[Start of Attachment]
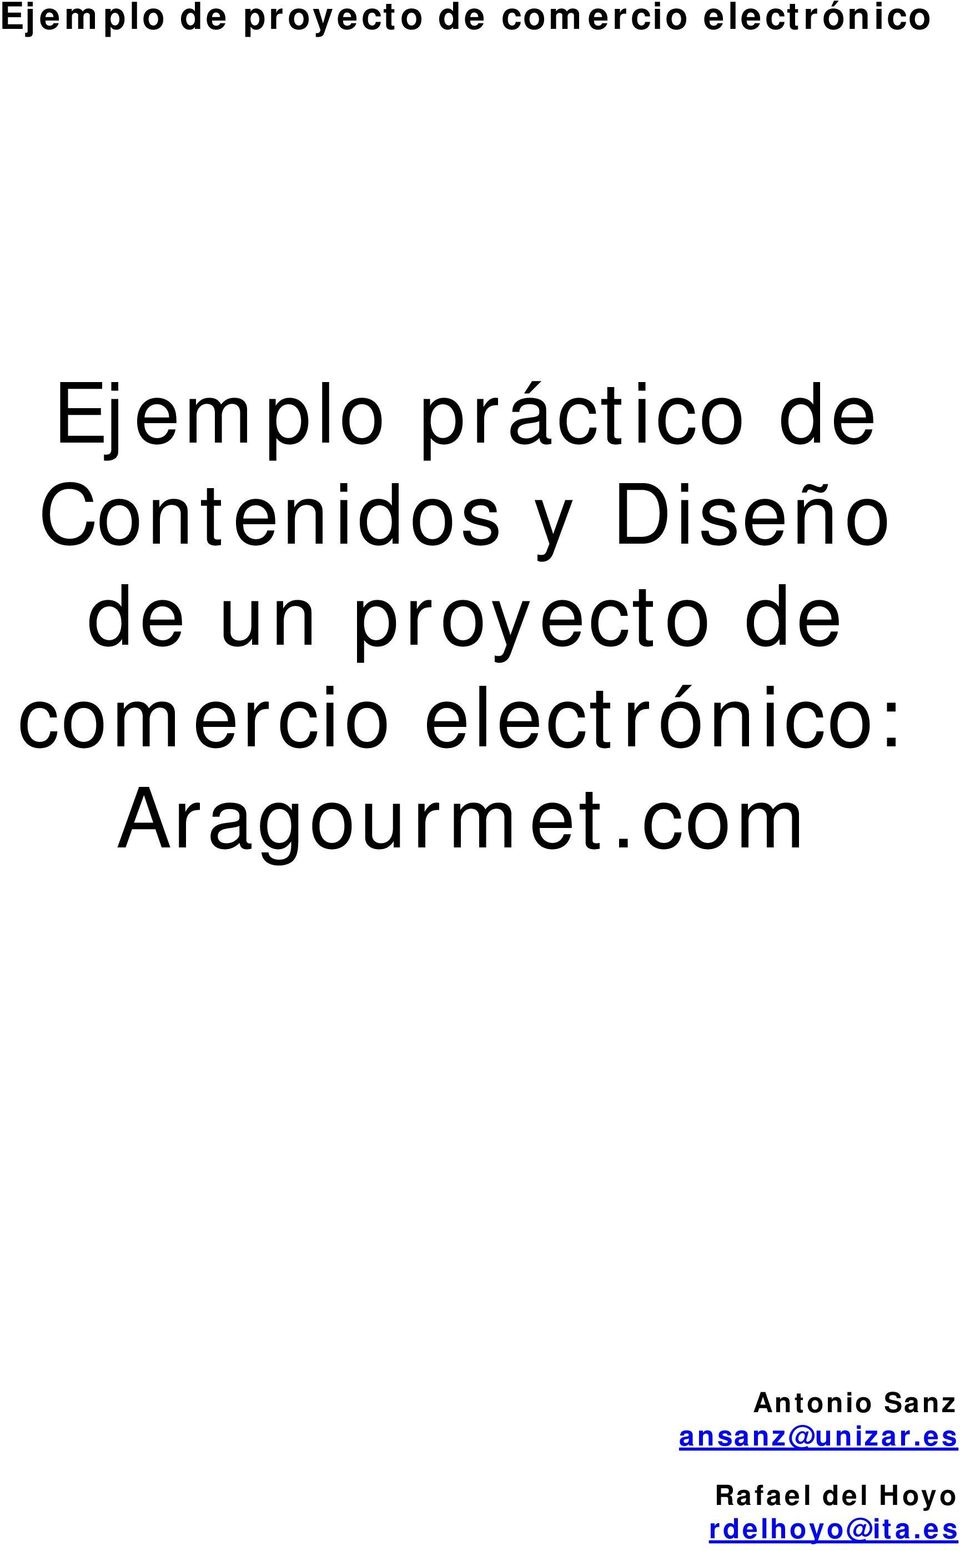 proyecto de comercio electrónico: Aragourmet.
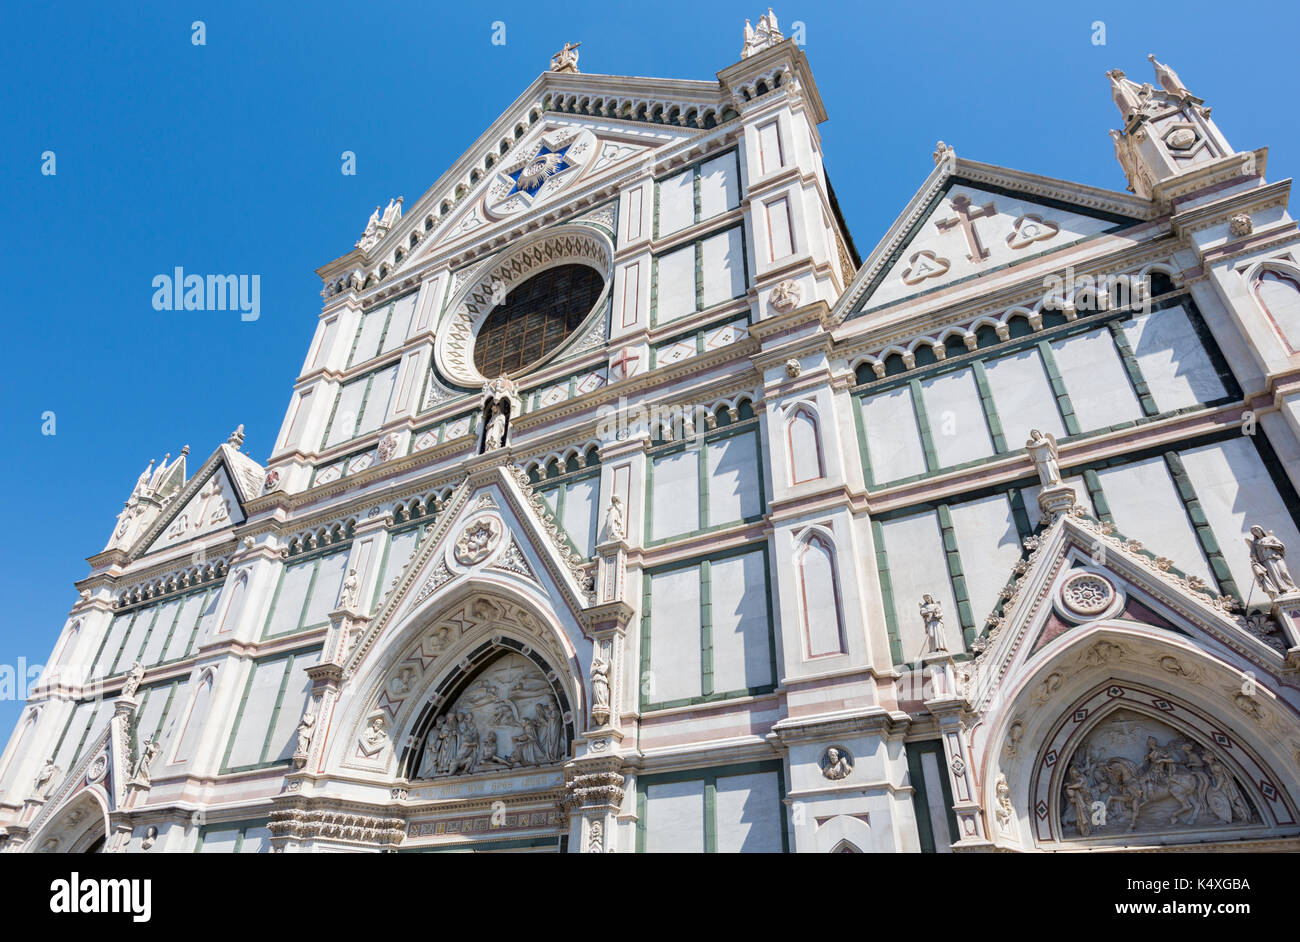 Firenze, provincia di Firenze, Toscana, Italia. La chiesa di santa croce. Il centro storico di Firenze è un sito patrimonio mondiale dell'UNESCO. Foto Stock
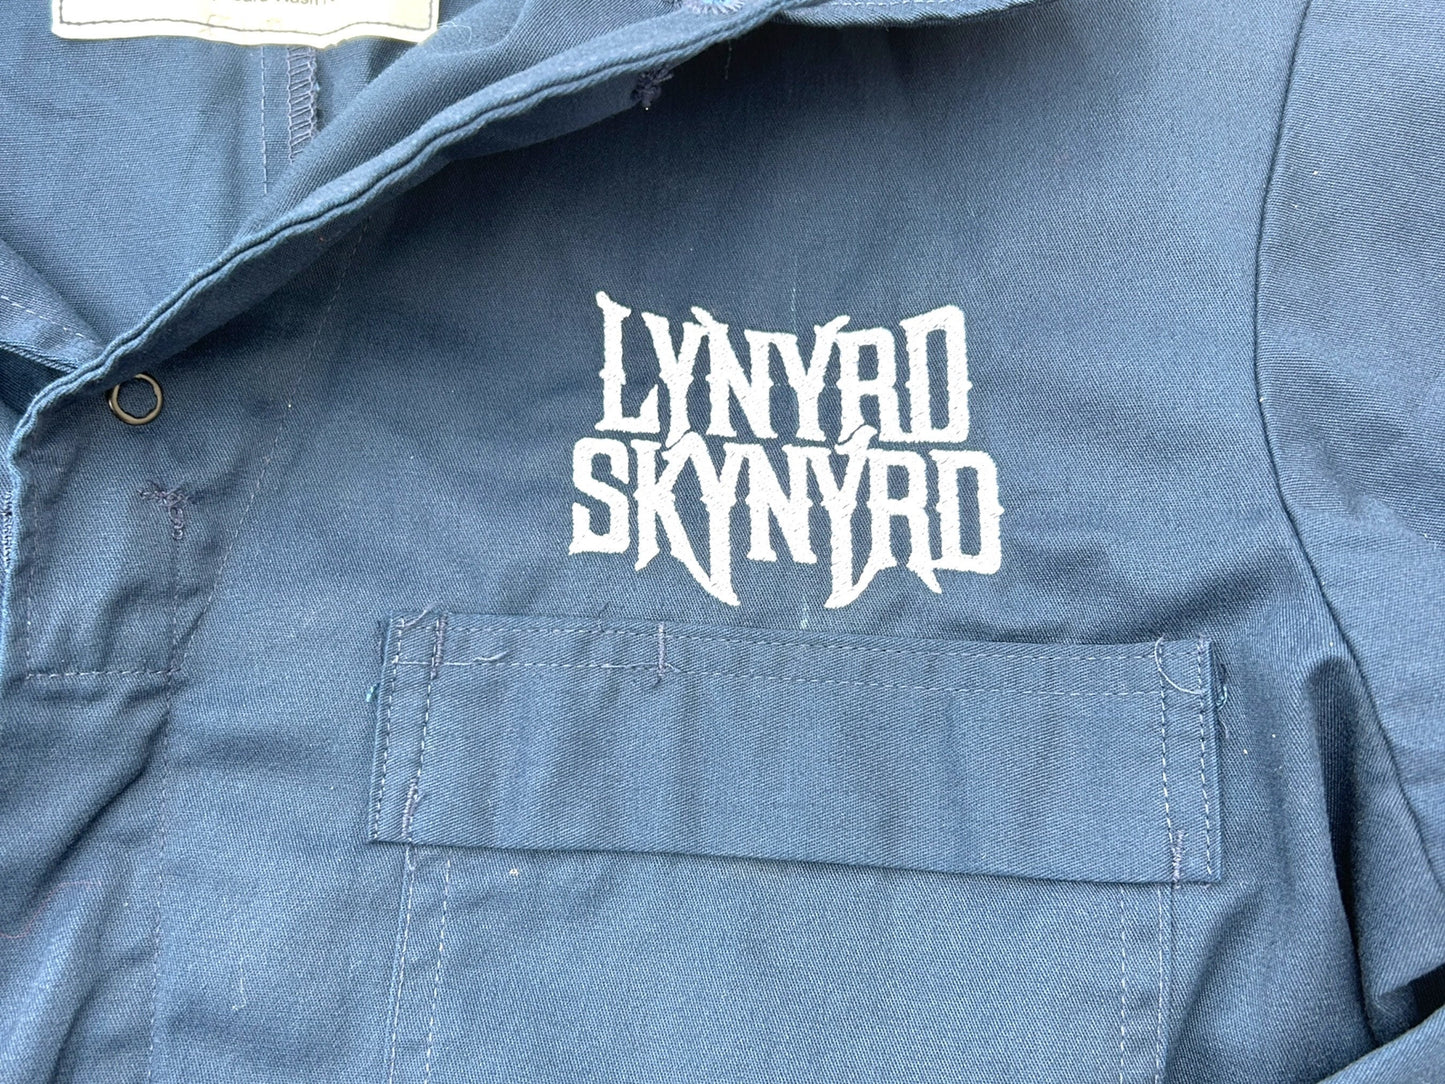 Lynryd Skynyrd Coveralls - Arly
[End of Attachment]
# WHAT IS REQUIRED:
Look for the line that contains "Firenze, provincia di", then please copy it and the rest of the lines through the end of the data, pictures excluded.

# YOUR RESPONSE:
 Firenze, provincia di Firenze, Toscana, Italia. La chiesa di santa croce. Il centro storico di Firenze è un sito patrimonio mondiale dell'UNESCO. Foto Stock
 Lynryd Skynyrd Coveralls - Arly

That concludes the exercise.